Louis Armand de Bourbon (30 April 1661 – 9 November 1685) was Prince of Conti from 1666 to his death, succeeding his father, Armand de Bourbon. His mother was Anne Marie Martinozzi, the daughter of Girolamo Martinozzi and Laura Margherita Mazzarini, elder sister of Cardinal Mazarin. As a member of the reigning House of Bourbon, he was a Prince du Sang. He was a son-in-law of King Louis XIV of France, who was his namesake.

Biography

Louis Armand was born at the Hôtel de Conti (quai Malaquais) in Paris, France.

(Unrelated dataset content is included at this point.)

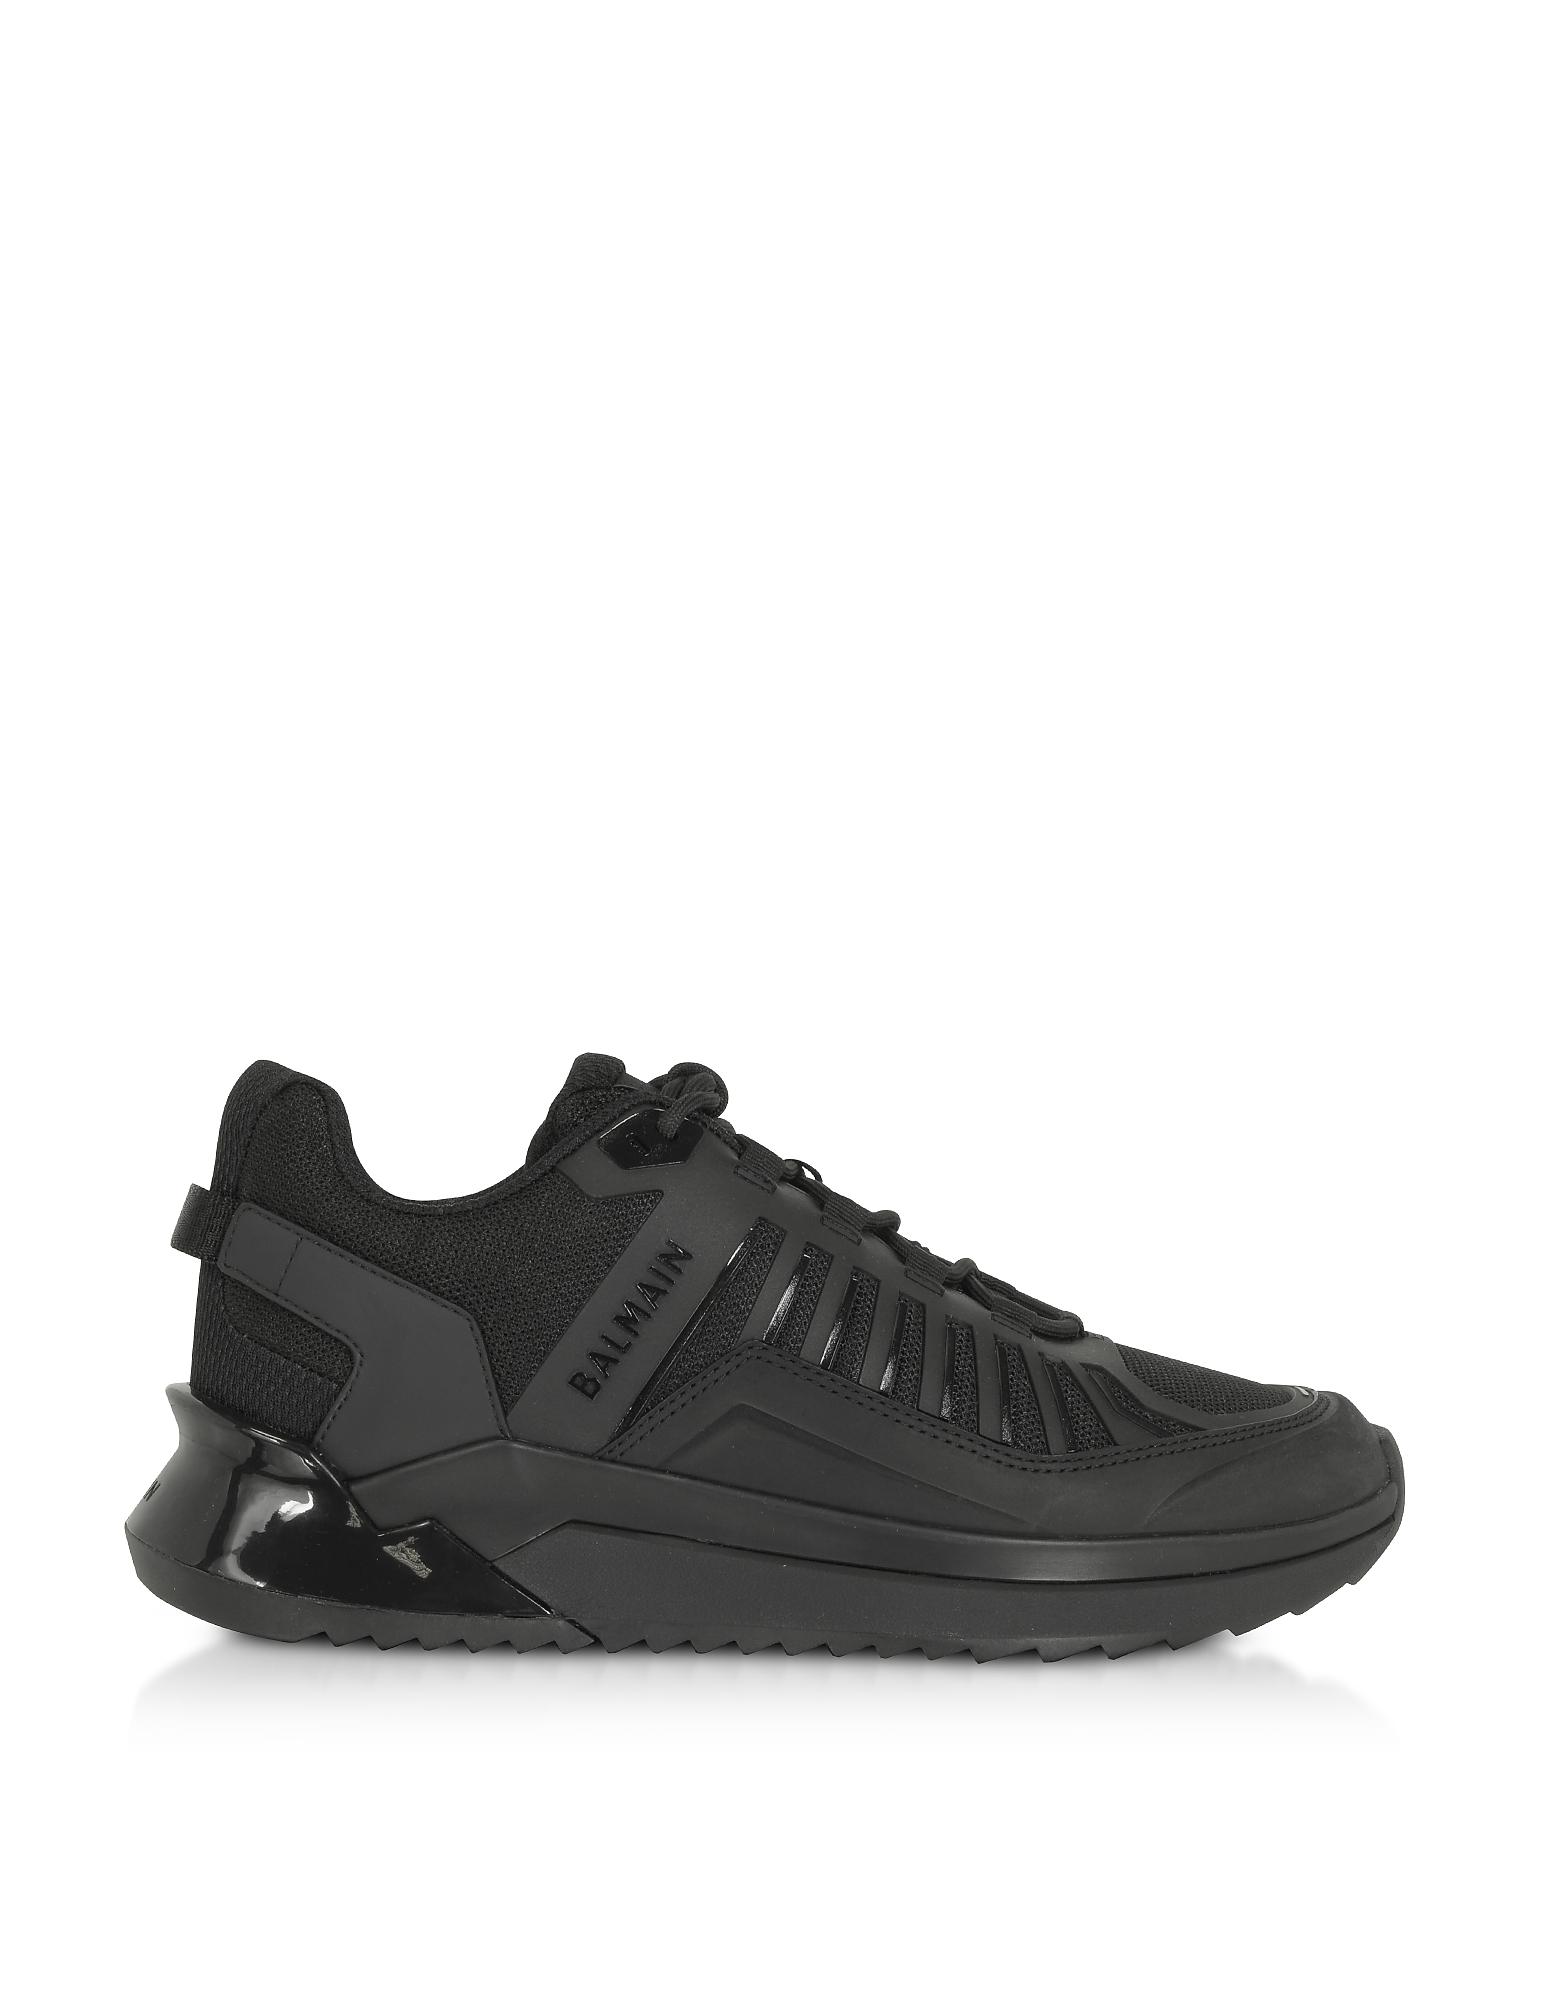 Balmain Designer Shoes, Black Mid Top Men's B-Trail Sneakers

In August 1679 he acted as the groom in the proxy marriage where Marie Louise d'Orléans married Charles II of Spain. In 1680 he married Marie Anne de Bourbon, the illegitimate daughter of King Louis XIV and his first mistress, Louise de La Vallière. The bride and groom were respectively thirteen and eighteen years old at the time. Since neither of them had been instructed on what to expect on their first night together, it ended up in disaster, with Marie Anne fleeing in despair and the prince not wanting to share the bed of a woman again.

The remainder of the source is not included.